College was hell. I felt judged left and right. I was like if they only knew how I felt. I luckily had my own room and never really associated with my roommates across the way. I had different roommates every year. It didn't matter since I just stayed in my single bedroom all the time. You could tell them about your issues but then you take the risk of them talking about you more or pitying you.


----------



## meandernorth

It might not hurt to nonchalantly bring up the subject the next time everyone is home. I wouldn't tell them you "don't deserve ridicule" as commented above because it might backfire. However, letting them know a little about you might give them some helpful insight. People will often speculate about people (or anything, tbh) when they don't have enough info.


----------



## Cool Ice Dude55




----------



## JustALonelyHeart

Cause kids are just like that.They judge and think everyone else is inferior to them.If you were socializing more, then they'd find something else to judge you for.They don't grow up till they graduate college and real life will hit them in the face.That's when they will start growing up.Request to change your room and if there is a possibility to live alone in the room, that would be best for you.It's harsh when people treat you like that but there's not much you can do about it.


----------



## gisellemarx

This is why I do college online....

My best friend went through the same thing.  She overheard them talking about how weird she was, because in addition to SA she's got OCD and has to dress a certain way and has "weird" habits, and she only lasted 2 months in there before she dropped out from the stress.

I'm so sorry. They sound mean. You should call them out on their bullsh**. Tell them you heard them talking about you. Explain you're socially anxious. Maybe they will stop.

Generally, in these situations, I tend to try to subtly get back at people who mock me by using my "weirdness" to get ahead of them and intimidate the hell out of them. Make myself look like a threat to their fragile egos. I can twist things around to look like that, if I need to.

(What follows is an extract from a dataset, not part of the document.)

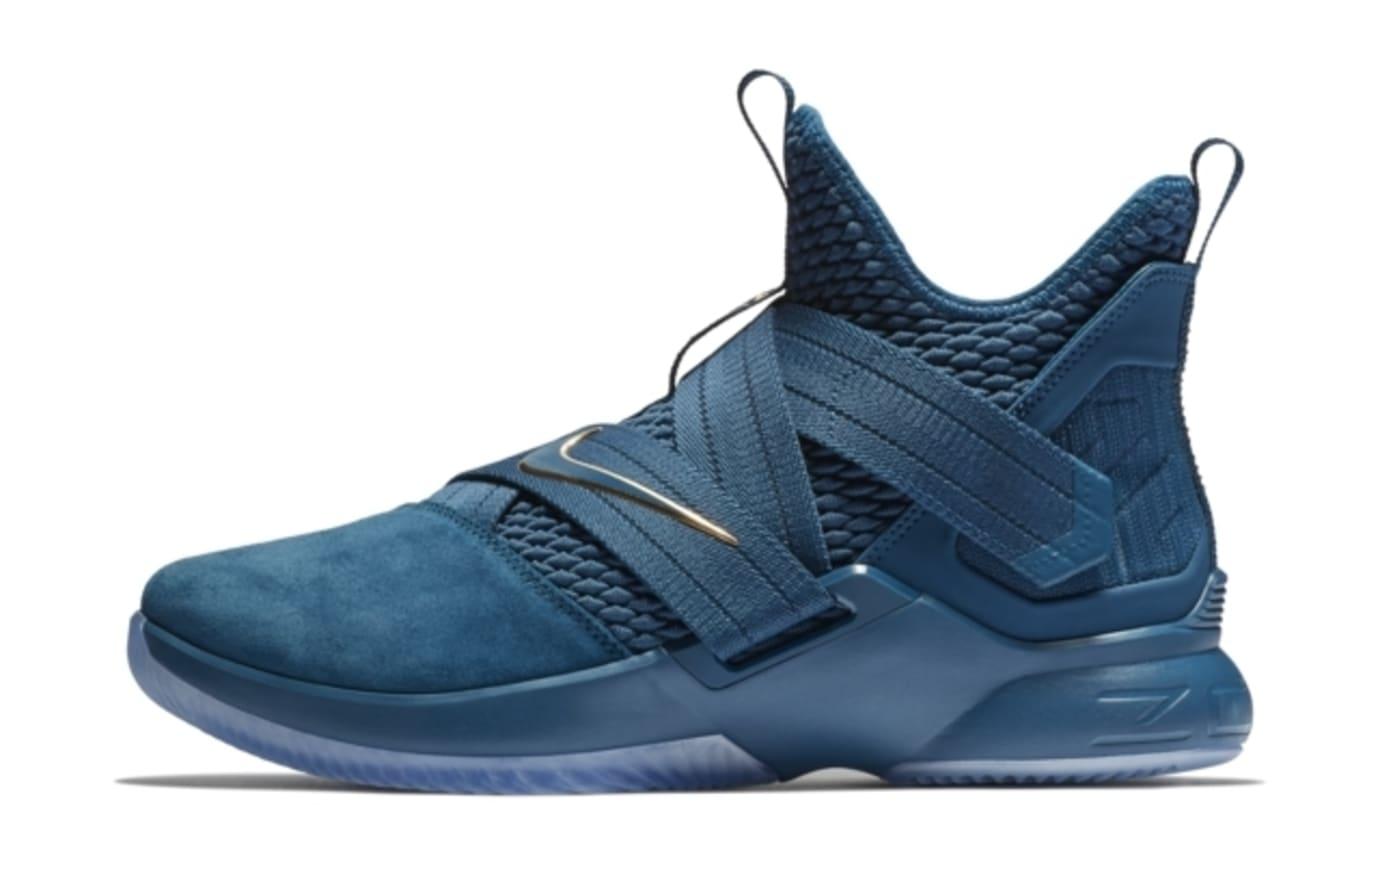 Nike LeBron Soldier 12  Agimat  AO4054-500 Release Date  e913230f4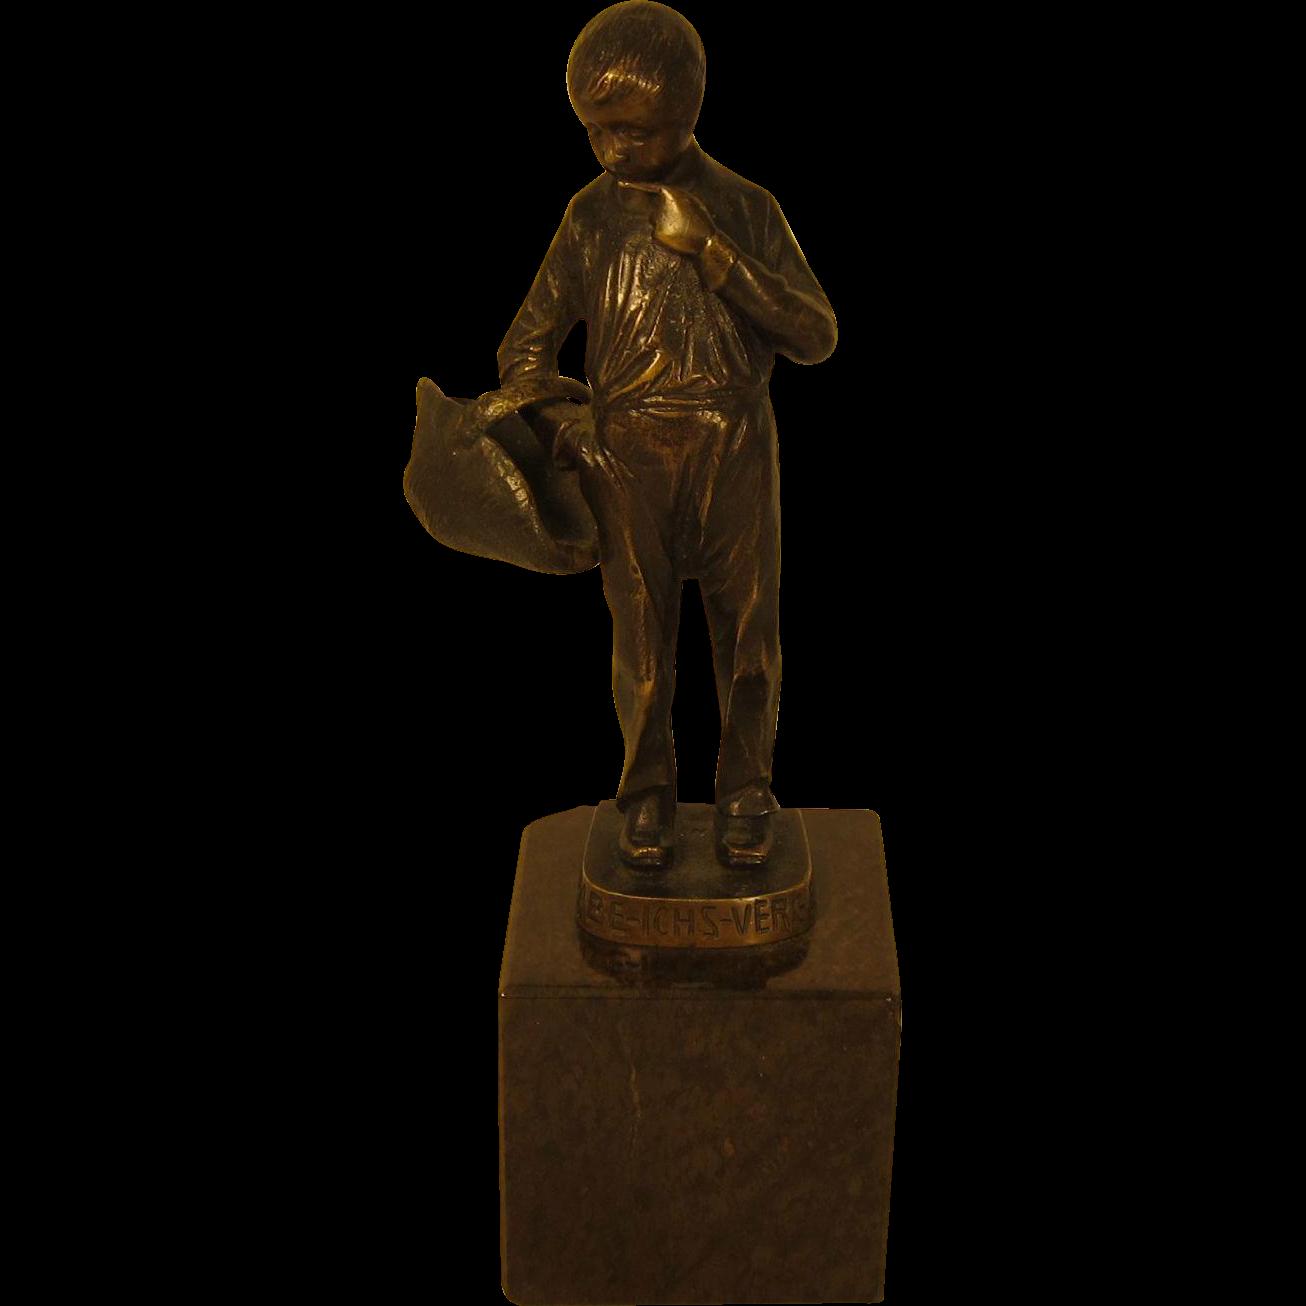 Bronze Sculpture of a Boy with a Basket by Ernst Beck (German, 1879-1941)

I'm not sure if your SA will prevent you from doing anything like that, but if I were you, I'd either put my foot down, or request moving in with different roommates.


----------



## Chelsalina

I can see myself in the same exact situation as you once I go to college: always declining to go out with roommates, not going out, not talking to them, etc. People always assume I'm rude for not talking and they think I hate them but I don't... I just don't know what to say and I'm socially anxious af. Those girls are major ****** to talk about you like that and I'm pretty sure they were just jealous of you because you are super gorgeous (really though, you're so pretty . If I were you I'd just write a letter or tell them that I suffer from social anxiety before moving out to a new room. They'll probably feel like **** afterwards but at least they'll know that you don't have any harsh feelings against them and things might end in good terms.


----------



## Malek

Is there any one of them that might have been mature and defended you a little? Maybe confide to her about your "shyness" you don't have to say anything else if you don't trust them.


----------